OPINION

Racism, under every rock

Andrew Donaldson on Tito Mboweni's suggestion that the name 'South Africa' is inappropriate

I SEE from his Facebook musings that the former Reserve Bank governor, Tito Mboweni, has been thinking again, and this time about a name change for the country. “South Africa”, he suggested, is wholly inappropriate as it was the name of the country that “oppressed us”. 

This is not the first time we have heard such stuff, here at the Mahogany Ridge. There has been, over the years, much chatter to the effect that South Africa is not so much a nation but a geographical location, a colonial assemblage, if you will, thrown together at the bottom of a continent by a few military types over a large map in a dusty tent in Potchefstroom more than a century ago.

Mboweni’s notions here are perhaps just as ancient. “Well,” he wrote last week, “I have been thinking about this for many years going back to my BC days. I was, by the way one of the first Azaso executives at Turfloop University. I was the ‘Correspondence Secretary’!!”

I know, I know. Two exclamation marks. It’s a crime. But then, in those long-forgotten days, the responsibilities that came with the position of correspondence secretary with the Azanian Students Organisation were not to be taken lightly. There was no such thing as e-mail even.

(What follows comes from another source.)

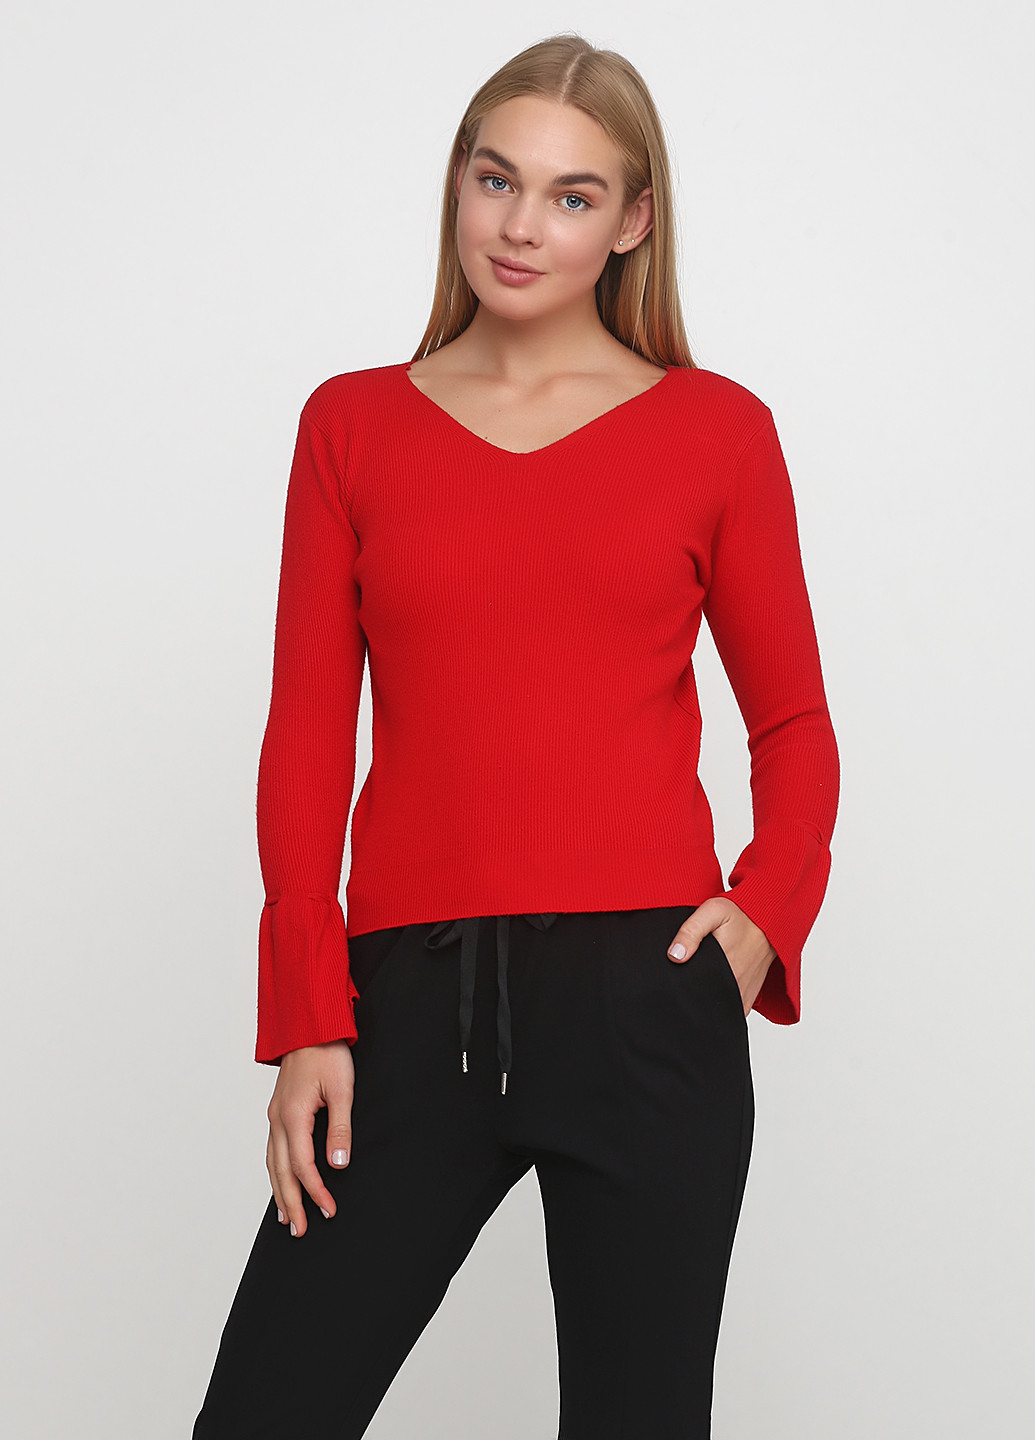 Червоний демісезонний светр пуловер ZUBRYTSKAYA

“We debated and talked ad nauseam about what the new liberated country should be named,” he continued. “Azania? No. That means land of the slaves (Africans enslaved by Arabs!) . . .  maybe the time has come for us to revisit this country name question. We have Lesotho (land of baSotho), Botswana (land of baTswana ), Swaziland (land of the Swazi people), Zambia, Namibia, Zimbabwe, Zambia, Malawi, Tanzania, Uganda, Kenya, Nigeria, Ghana, etc. 

“And we are just south of Africa? Why am I thinking like this? It’s the racism that is rearing its ugly head in ‘SOUTH AFRICA’. . .”

Well, that is the nature of the beast. Turn over the nearest rock, and there it is, racism, rearing away like an angry viper. But it didn’t take long before his comrades were pointing out to Mboweni that the name Azania had nothing to do with slavery, but was the name given to various parts of east Africa – from Somalia to supposedly Tanzania – by the ancient Greeks and Romans.

In that sense, I suppose, the former Azaso member was perhaps justified in being less than enamoured with Azania as a new name for the country. It’s a bit like France saying it now wants to be called Turkey.

More recently, Azania was the name of the fictional African island nation in Evelyn Waugh’s 1932 satirical novel, Black Mischief

It’s an intriguing tale. The country is governed by Emperor Seth, an Oxford-educated idealist who embarks on a modernisation drive, which all goes hopelessly wrong, thanks to a French-supported coup d’état. Seth is assassinated and Azania becomes a League of Nations mandate, and there is some unsavoury evidence of cannibalism.

Waugh was of course a terrible reactionary. His, you could well argue, was certainly an ugly head that reared. But he was strangely and amusingly prophetic. Here, for example, is an African diplomat from his 1938 novel Scoop, sounding off rather much like your average ANC parliamentarian:

“The patriotic cause in Ishmaelia is the cause of the coloured man and of the proletariat throughout the world. The Ishmaelite worker is threatened by a corrupt and foreign coalition of capitalistic exploiters, priests and imperialists. As that great Negro Karl Marx has so nobly written . . . Who built the Pyramids? Who invented the circulation of the blood? . . . Africa for the African worker; Europe for the African worker; Asia, Oceania, America, Arctic and Antarctic for the African worker.”

But back to the name change and Azania. According to the critic and journalist Christopher Hitchens, in the early 1960s, the exiled leadership of the then-recently formed Pan-Africanist Congress wrote to Waugh at his Somerset home, “asking if they could annex the name ‘Azania’, from his novel Black Mischief, for the future liberated South Africa! (The title ‘Azania’ survives now in lapidary form on the gravestone of Steve Biko.)”

This, I may add, is from Hitchens’ introduction to Scoop, one of the more accurate novels about journalism. Hitchens, incidentally, also deals with the term “mahogany ridge” in this essay, and those who’ve plagued me with inquiries as to where it is exactly that I take my drink should be directed to these pages.

Mboweni, meanwhile, claims he has grown “very warm” to a suggestion that South Africa be renamed Limpopo – because we live south of the river. It would help, of course, if residents of that province wouldn’t pronounce it, as they do, “Limpompo”. But that’s a small quibble.

This article first appeared in the Weekend Argus.